Sorry, it’s only how much?

So when I shot the video version of this review, it was right after it debuted at MWC 2024 but before it arrived on our shores. As such, I couldn’t really put it against its rivals such as the Samsung Galaxy S24—at least, in a Malaysian context. That’s why if you watch our video review of the Xiaomi 14, I ended it by stating that it’s a really good smartphone that will need to be priced below the RM4,099 price tag of the Galaxy S24 if it wants to be competitive against Samsung’s offering.

Well as it turns out not only is it cheaper than the Galaxy S24, but it’s a whopping RM600 less than the Galaxy S24:

  • Xiaomi 14, 12GB RAM, 256GB storage – RM3,499
  • Xiaomi 14, 12GB RAM, 512GB storage – RM3,799

Now in my defence, I had a reason to be wary: the Xiaomi 14 actually costs more than the Galaxy S24 does in Europe.
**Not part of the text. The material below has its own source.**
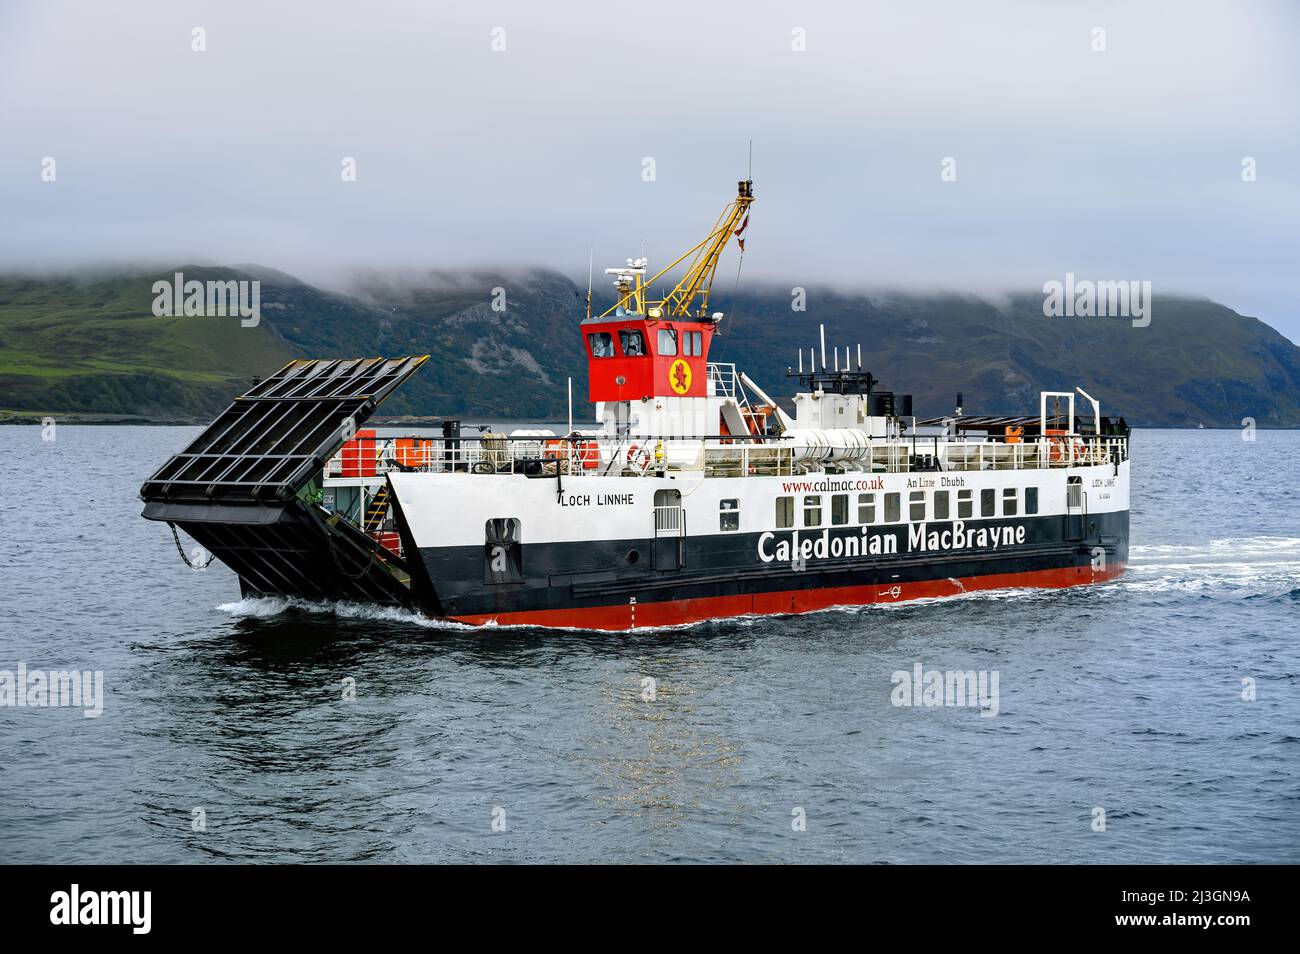 Loch Linnie is a relief ferry operated by Caledonian MacBrayne on various  inter-island and mainland routes in Scotland - October 2021. Stock Photo

But we don’t live in Europe now do we? In fact, for many Malaysians, the Xiaomi 14 presents itself as an extremely compelling option for anyone seeking a flagship Android smartphone for this year.

I mean sure, it’s not perfect; some improvement to HyperOS would be nice and the speakers could be better, but at RM600 less than what I would consider its competitor, it’s a no-brainer decision. Not only is it RM600 less than the Galaxy S24 at the same storage tier, it also packs 12GB of RAM compared to the Galaxy S24’s 8GB, uses a larger battery, has arguably better cameras and is powered by the Snapdragon 8 Gen 3 rather than the Exynos 2400 which may not be to local tastes.
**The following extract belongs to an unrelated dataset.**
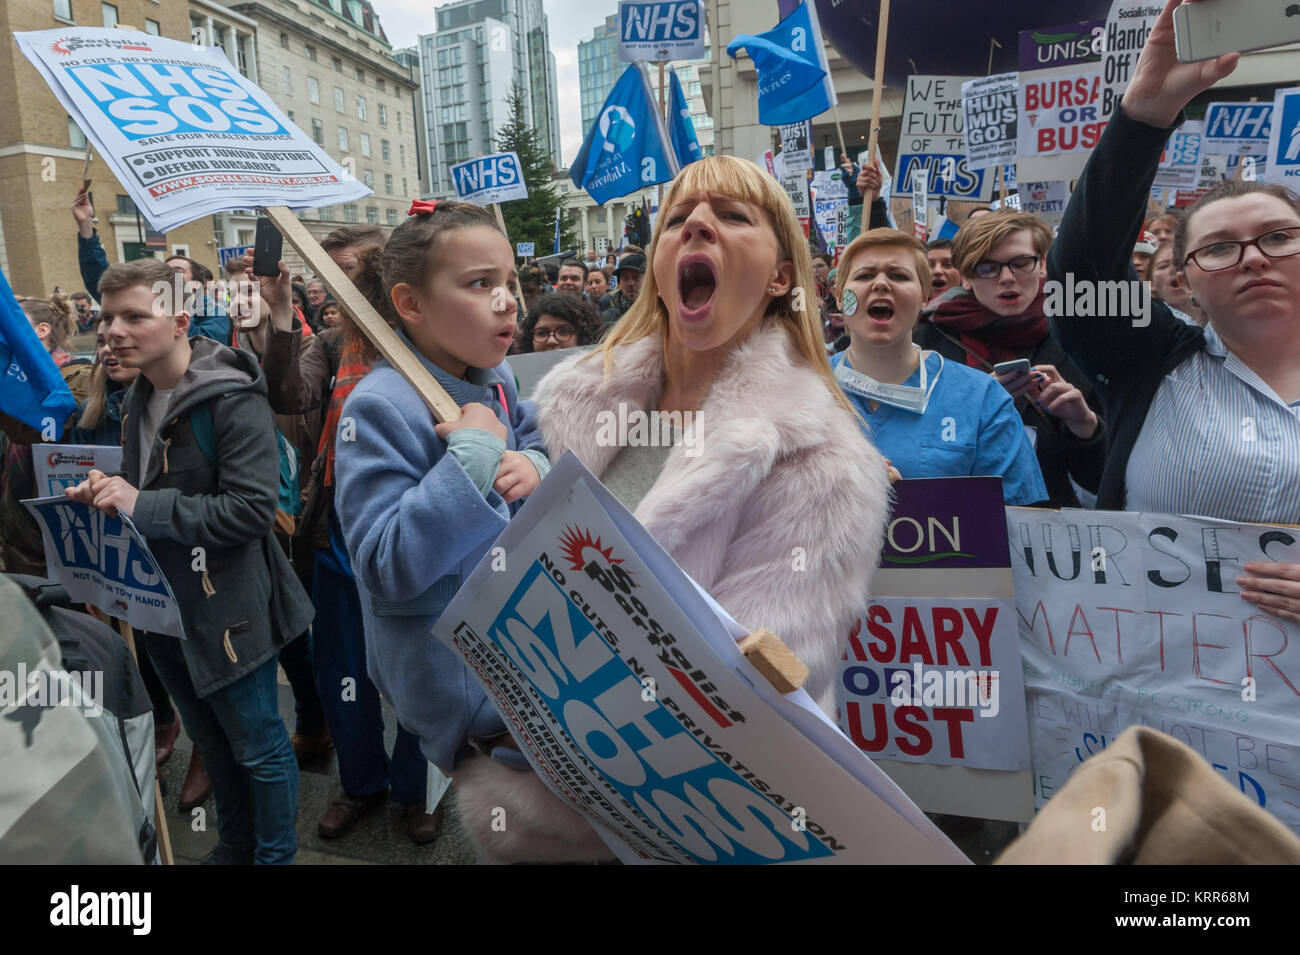 A woman holding a child is among those shouting support before the march to save NHS Student Bursaries. Stock Photo

That’s not to say that the Galaxy S24 doesn’t have its own benefits—OneUI is perhaps a tad more user friendly than HyperOS, and Samsung is also guaranteeing seven years of software support. Furthemore, the Xiaomi 14 isn’t the cheapest flagship smartphone in Malaysia either. There’s the likes of the Meizu 21 which starts at just RM2,999, while the iQoo 12 goes for RM3,399.

But if you want an all round Android flagship that packs just about everything you’d expect—decent display, premium looks and feel, outstanding cameras and solid battery life—the Xiaomi 14 is definitely one device that I think does the job well without breaking the bank.